* [What you need to do] Every line from the line containing "Махровое полотенце Sandal" through the end of the data is to be reproduced exactly, excluding pictures.

* [Dataset excerpt]
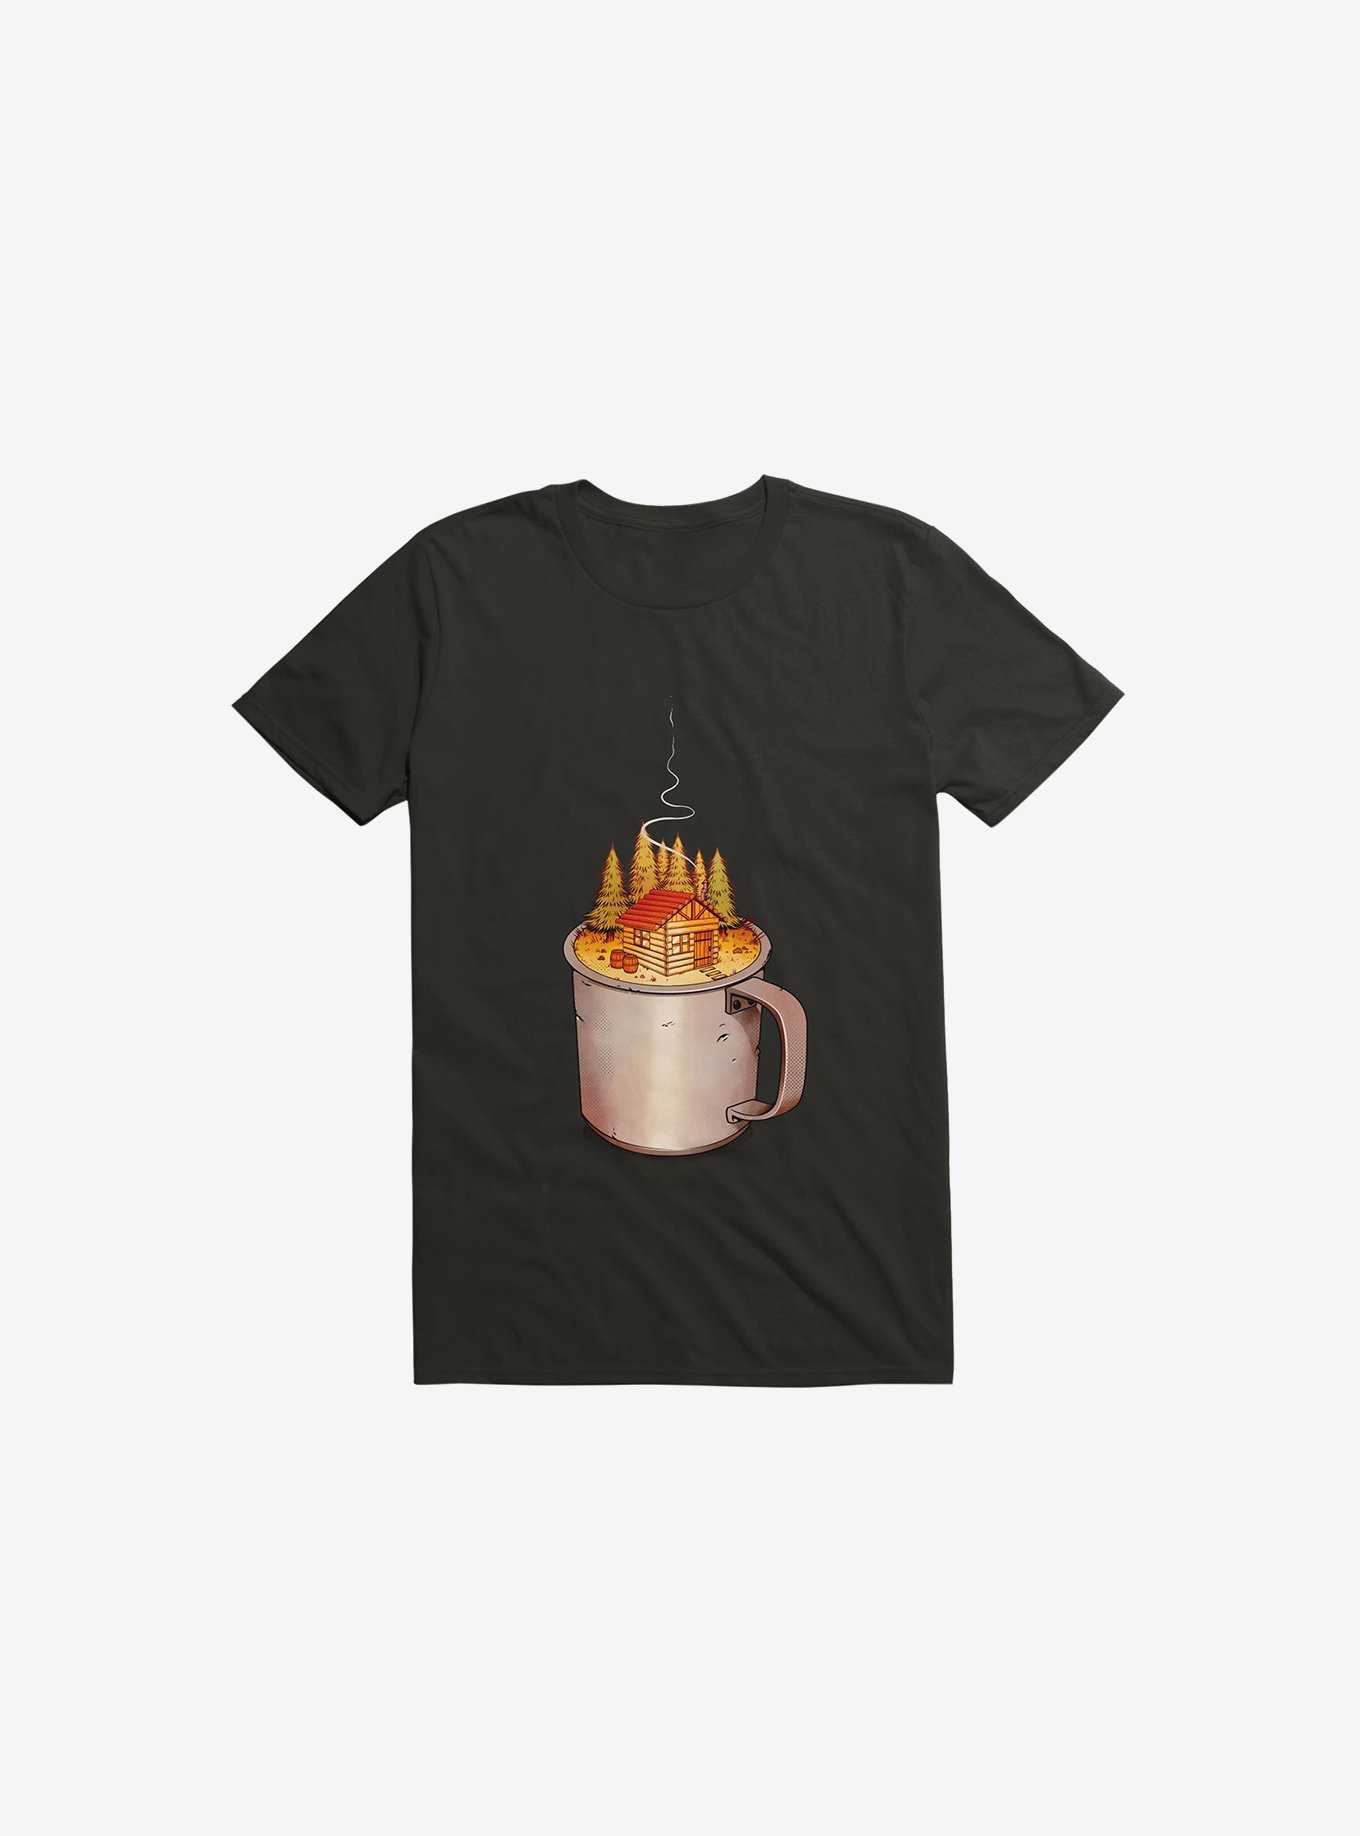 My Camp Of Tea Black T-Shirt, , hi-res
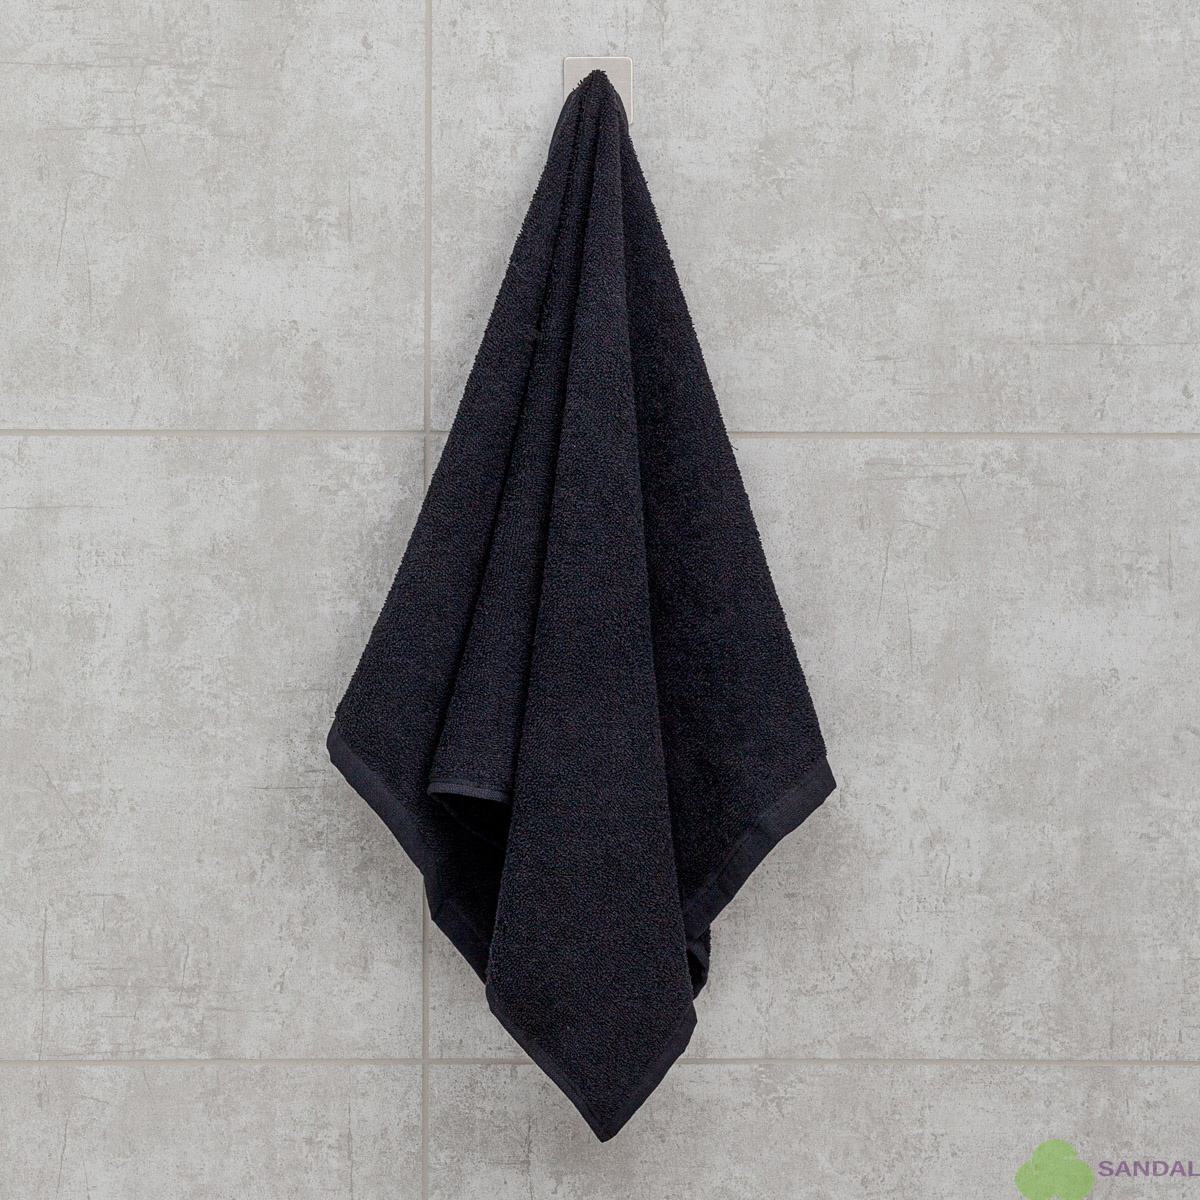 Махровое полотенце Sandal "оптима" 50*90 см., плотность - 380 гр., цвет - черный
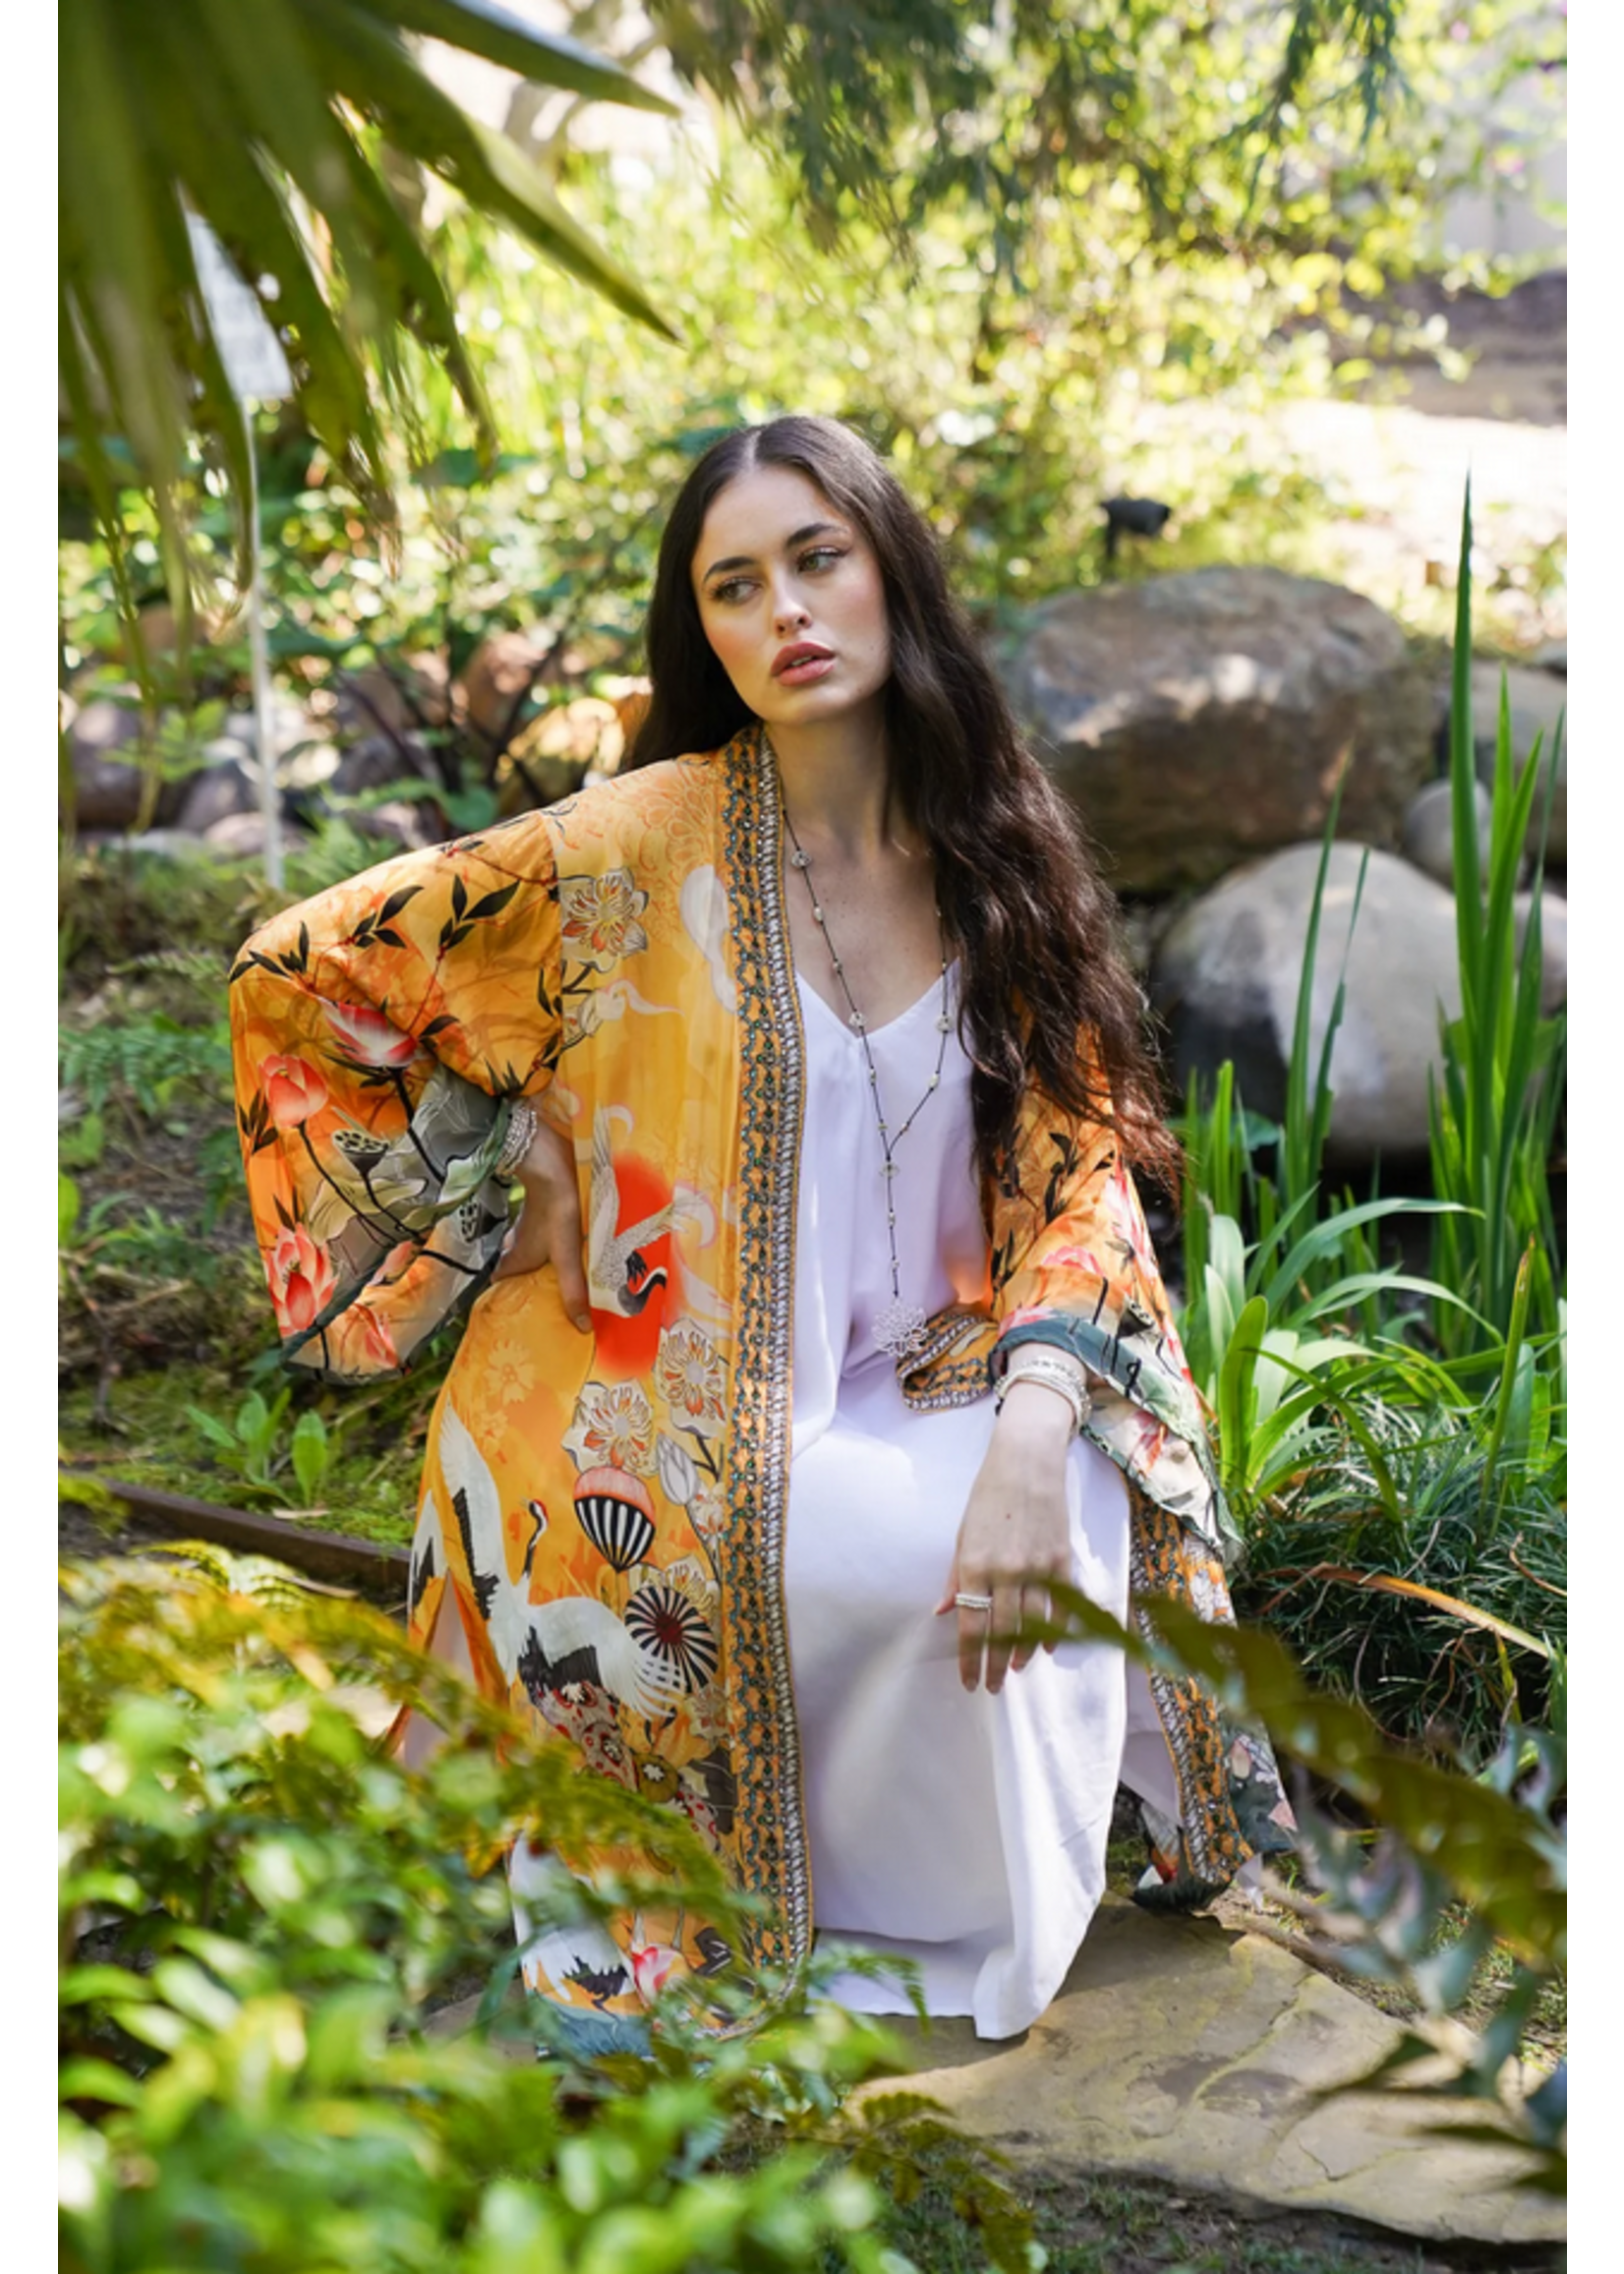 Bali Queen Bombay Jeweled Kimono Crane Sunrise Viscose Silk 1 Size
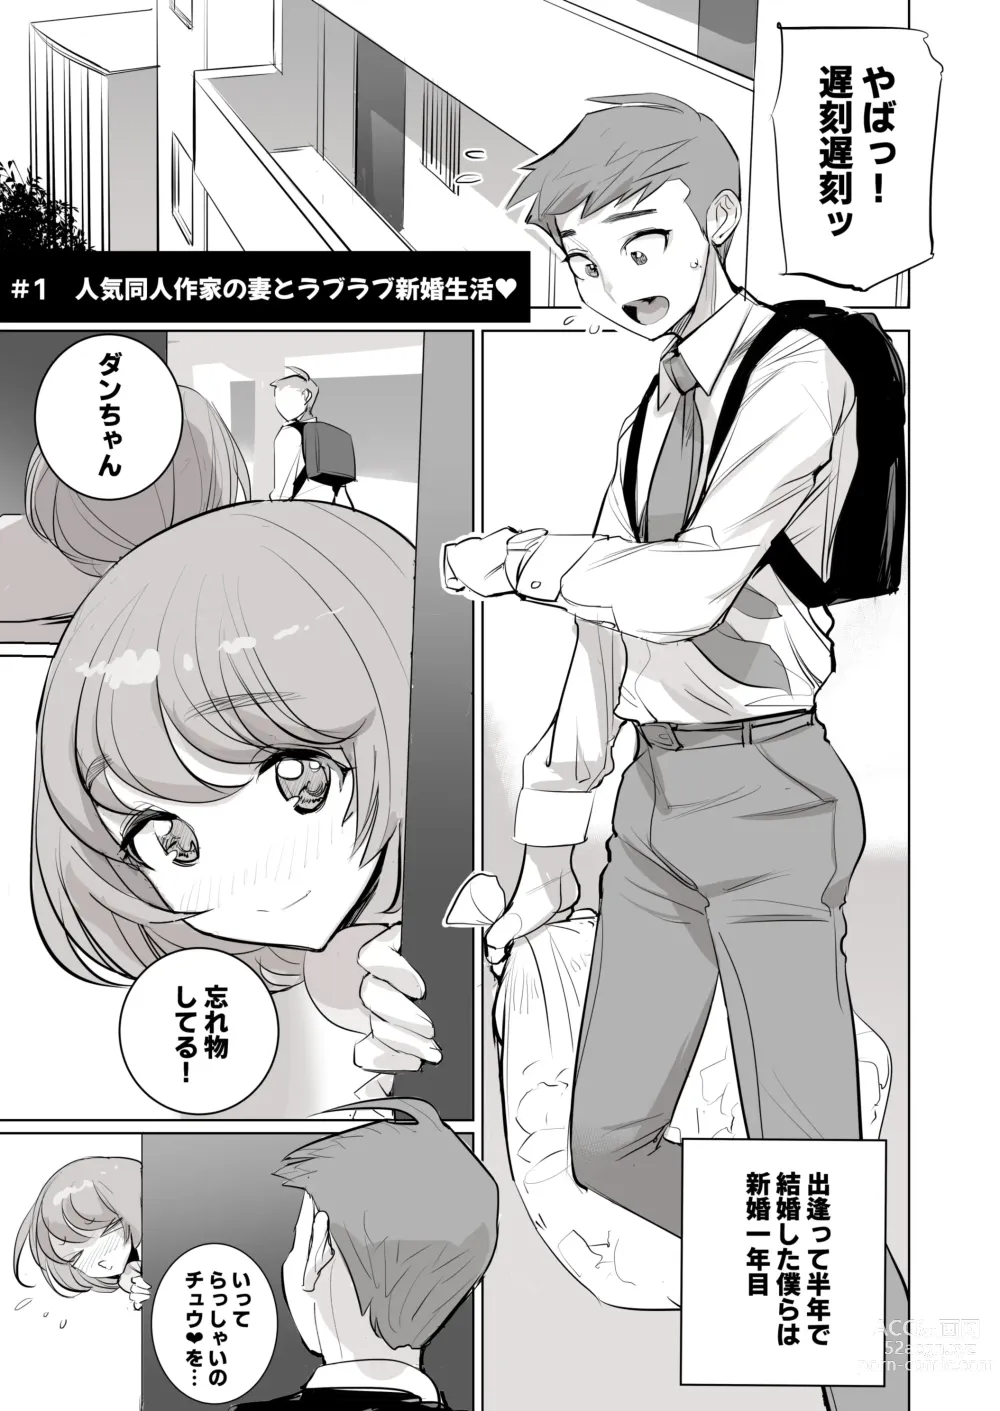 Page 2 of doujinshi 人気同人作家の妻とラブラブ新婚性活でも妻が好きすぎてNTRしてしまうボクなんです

* [Written answer]
 Махровое полотенце Sandal "оптима" 50*90 см., плотность - 380 гр., цвет - черный
 Bali Queen Bombay Jeweled Kimono Crane Sunrise Viscose Silk 1 Size
 Page 2 of doujinshi 人気同人作家の妻とラブラブ新婚性活でも妻が好きすぎてNTRしてしまうボクなんです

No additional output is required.